I’ve talked to a lot of people who are new to working at the polls and they have a mom or grandma or an aunt who ordinarily would be working but is unable to this time. So they’ve decided to step up and fill that role. In addition to that, we have some large employers in the area who are giving their employees the day off so they can work at the polls.

In Madison, we process the absentee ballots right at the polling place for those voters. The officials there will carry five absentee envelopes at a time up to the poll book, announce the voter’s names and addresses at the poll book, and those voters are assigned a voter number. Then, the officials will open those envelopes, separate the envelopes from the ballot and feed the ballots into the tabulator to be counted. So when the results are posted on election night, the results from each ward in Madison include the absentees from that ward and the votes cast at the polling place at that ward on Election Day.

When you cast that absentee ballot, the envelope is specific to you. And that’s what gets announced at the poll book. But whether that ballot inside is gonna be counted is determined by the envelope itself. No matter who you vote for or whether you even choose to return a blank ballot, once that envelope is checked in and assigned a voter number, we are processing that ballot.

So it’s not like anybody can open the absentee envelopes and then decide whether they’re going to be counted. That sealed envelope is checked into the poll book. Once the ballots are set into the machine, there’s no way to go back into the ballot box and figure out which ballot was yours. That ballot is a secret ballot.

There are concerns about how do I make sure my ballot was counted after Election Day, and we have to actually manually update that information in the state system. So the next day, you can’t go into the state system to verify that they processed your ballot because we’re going page by page through the poll book and updating everybody’s voter record.

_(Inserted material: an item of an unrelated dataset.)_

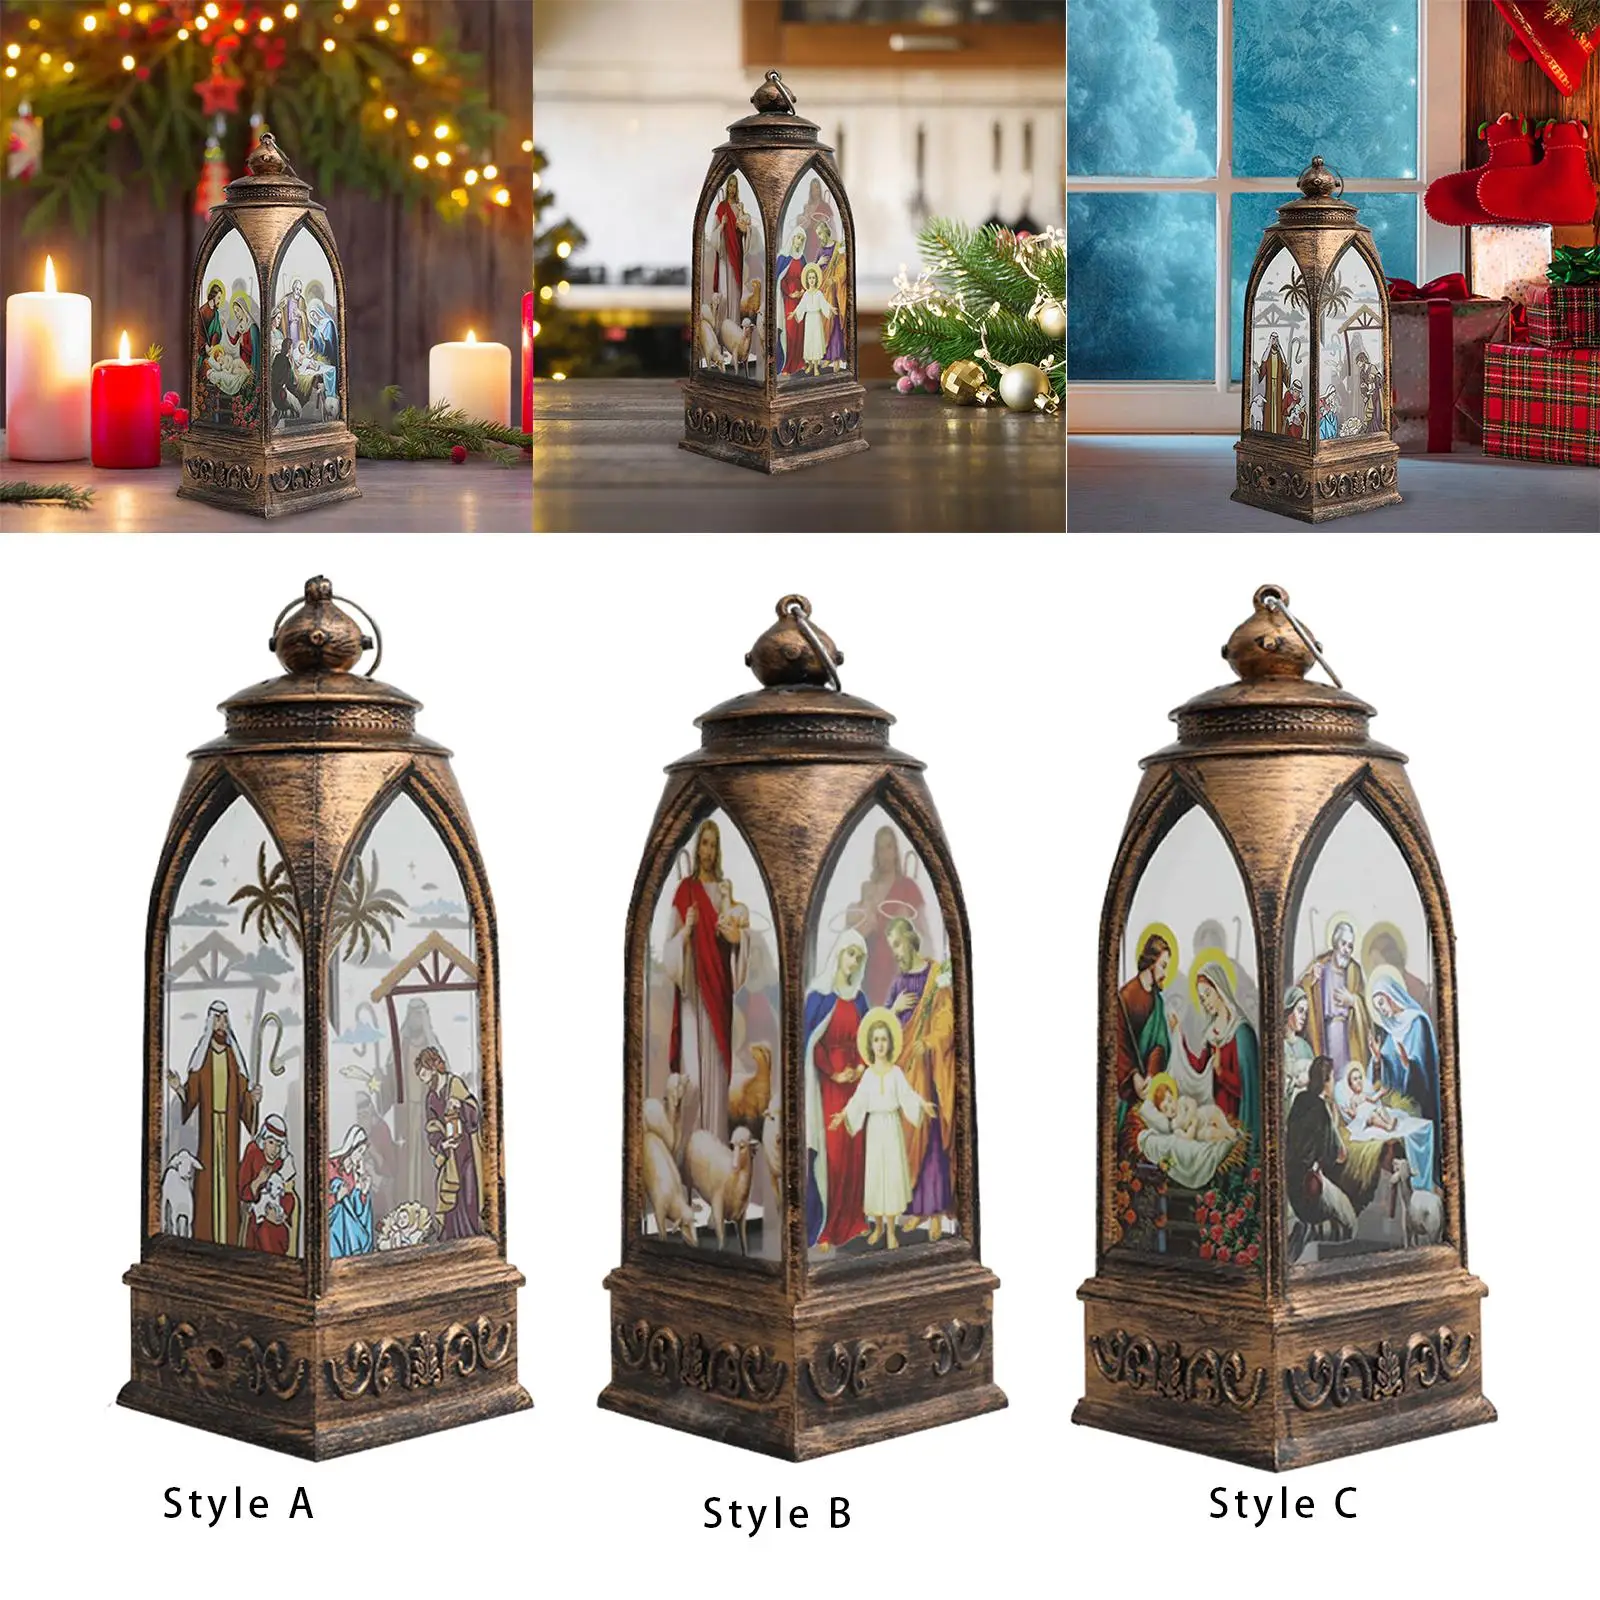 LED Christmas Lantern Glittering Festival Decoration Gift Crafts Home Decoration Christmas Ornament for Party Front Door Xmas

But you can, in Wisconsin, log into the state system with your name and date of birth to see that your absentee was received by the clerk’s office and that it was sent to a polling place to be counted.

We should be able to process those during the day on Election Day and run the results as we would usually. We don’t expect any delays because we have so many poll workers available to process these absentees.

We really value transparency, and are trying to make sure that voters know exactly what’s happening behind the scenes. We developed a podcast series about everything that’s taking place. And we’ve had more media in the office than usual, just so voters could be able to see what is going on while they’re unable to come and observe like they ordinarily might do.